Getting engaged was only the beginning, it was a big step forward but it was only getting harder. I know he always saw me as a burden, maybe from the fact that in Islam, as a father he was responsible for my deeds. If so I never understood why he was so angry seeing me change for the better. His words, Dia ingat dia dah ada matair dia dah besar, tattooed on my mind.

After trying to keep silent as long as I could, I finally tore his banners down when I started fighting back. Since he was treating me like an adult daughter not worth respecting, I thought I'd act that way. I was, after all, fighting for a future with someone who actually treated me like a person.

I turned 25 in September 2020 without a single acknowledgement from him. It wasn't my first birthday where he had ignored me, but it would be my last being his responsibility in the name of Islam. Tears on the mental letters I wrote him because deep down, I still felt a little bit sad about it.

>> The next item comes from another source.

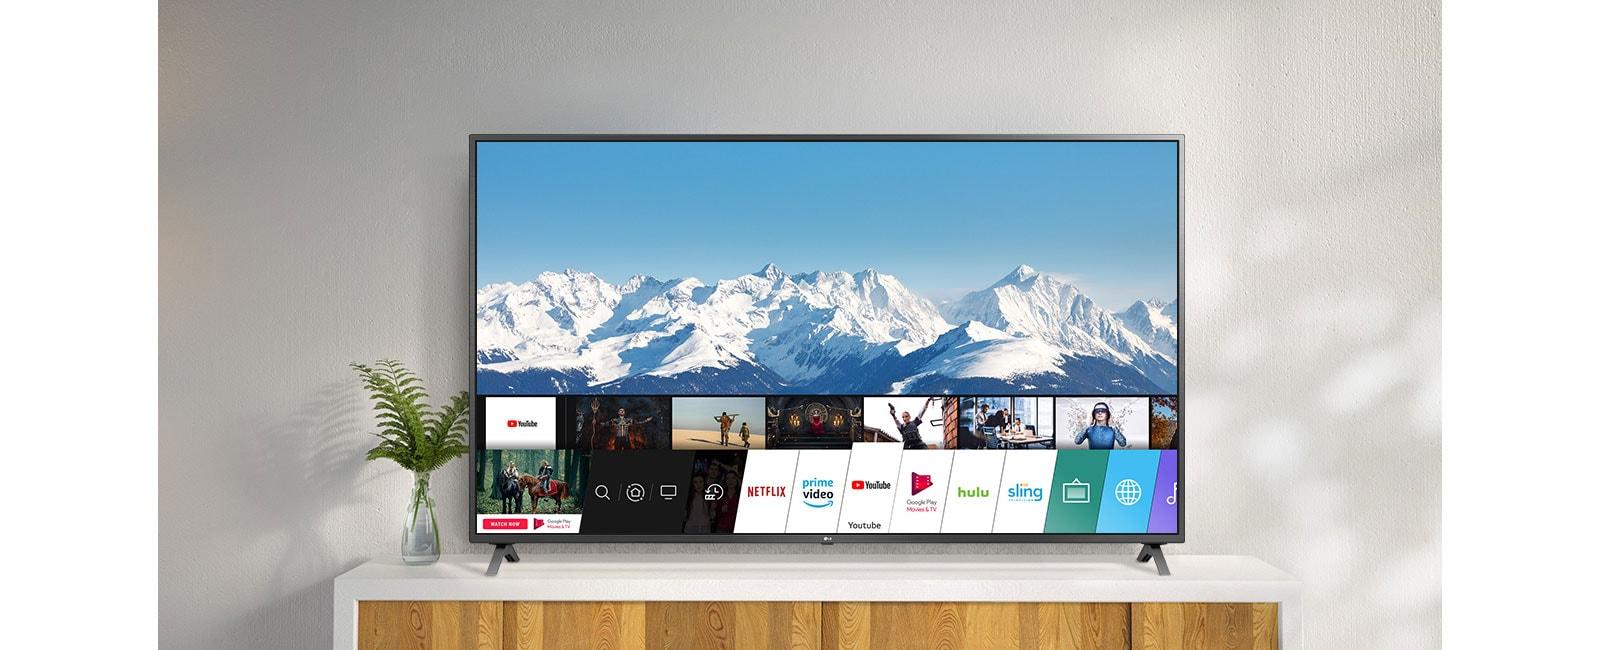 Televizor amplasat pe un suport alb, pe un perete alb. Ecranul TV prezinta ecranul principal cu webOS.

The year I was turning 26, the year I was to be married, our father-daughter relationship still didn't improve. It was difficult not having that bond, seeing that as a father, he had to be heavily involved. He continued leaving the rooms I walked in and stopped acknowledging me completely. 

I eventually did the same, bombs coming closer, until Melonsoy happened. He finally remembered I existed, but for the wrong reasons. I turned chairs over and he yelled at me, I didn't know for certain if he would lay a finger on me one last time, but I left the house before I could find out.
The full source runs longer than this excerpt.